> On Aug 24, 2018, at 9:44 AM, Matteo Lanzuisi <m.lanzu...@resi.it> wrote:
>
> Hi,
>
> I used valgrind again for a very long time, and it told me nothing strange is
> happening on my code.
> After it, I changed my code this way
>
> unsigned lcore_id_start = rte_lcore_id();
> RTE_LCORE_FOREACH(lcore_id)
> {
> if (lcore_id_start != lcore_id) // <--------- before this change,
> every lcore could use it own mempool and enqueue to its own ring
Something in the back of my head tells me this is correct, but I have no real
reason :-(
If this works then I guess it is OK, but it would be nice to understand why it
works with this fix.
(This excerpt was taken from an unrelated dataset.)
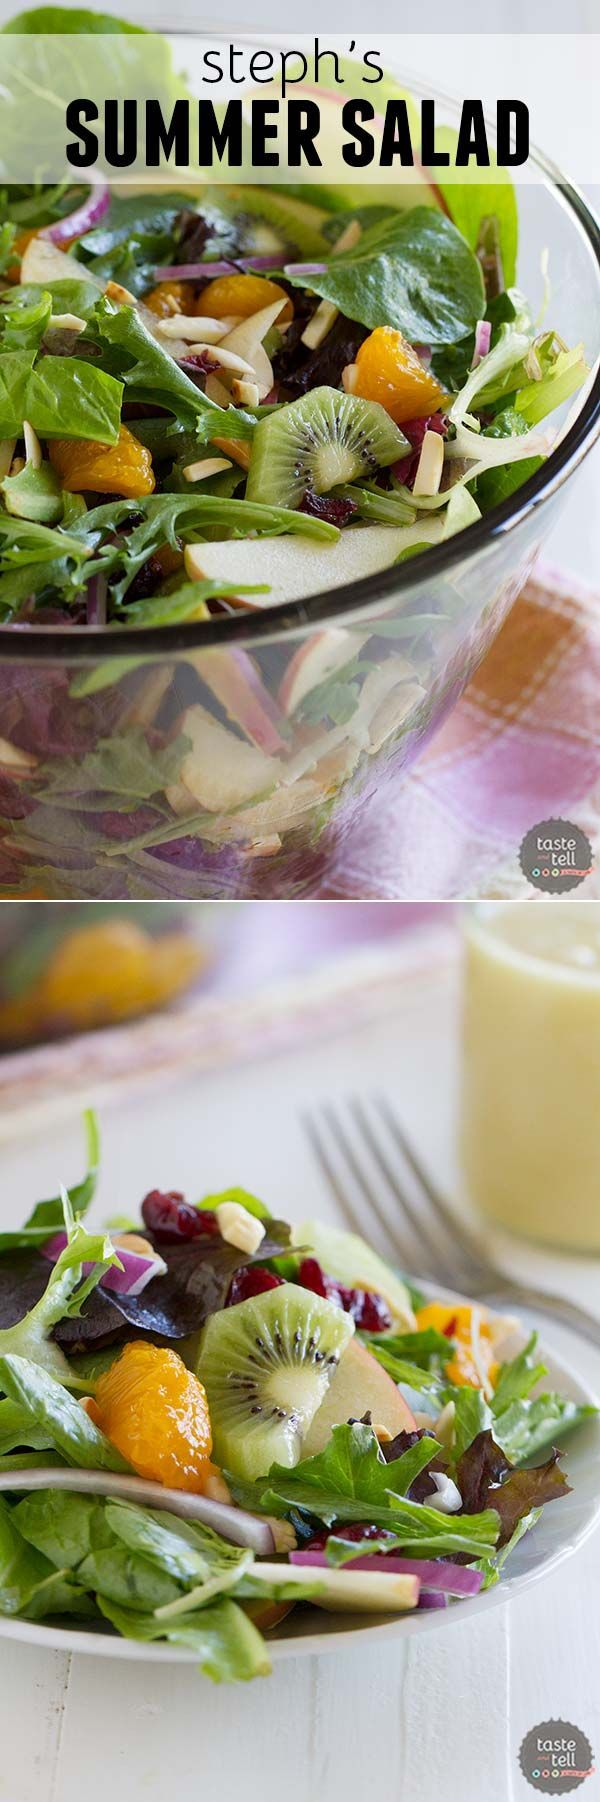 Steph's Summer Salad

Unless you have another thread running on this lcore doing
a get/put I do not see the problem.
> {
> new_work = NULL;
> result =
> rte_mempool_get(cea_main_lcore_conf[lcore_id].de_conf.cmd_pool, (VOID_P *)
> &new_work); // mempools are created one for each logical core
> if (result == 0)
> {
> if (((uint64_t)(new_work)) < 0x7f0000000000)
> printf("Result %d, lcore di partenza %u, lcore di
> ricezione %u, pointer %p\n", result, rte_lcore_id(), lcore_id, new_work);
> // debug print, on my server it should never happen but with multi-thread
> happens always on the last logical core!!!!
> new_work->command = command; // usage of the memory
> gotten from the mempool... <<<<<- here is where the application crashes!!!!
> result =
> rte_ring_enqueue(cea_main_lcore_conf[lcore_id].de_conf.cmd_ring, (VOID_P)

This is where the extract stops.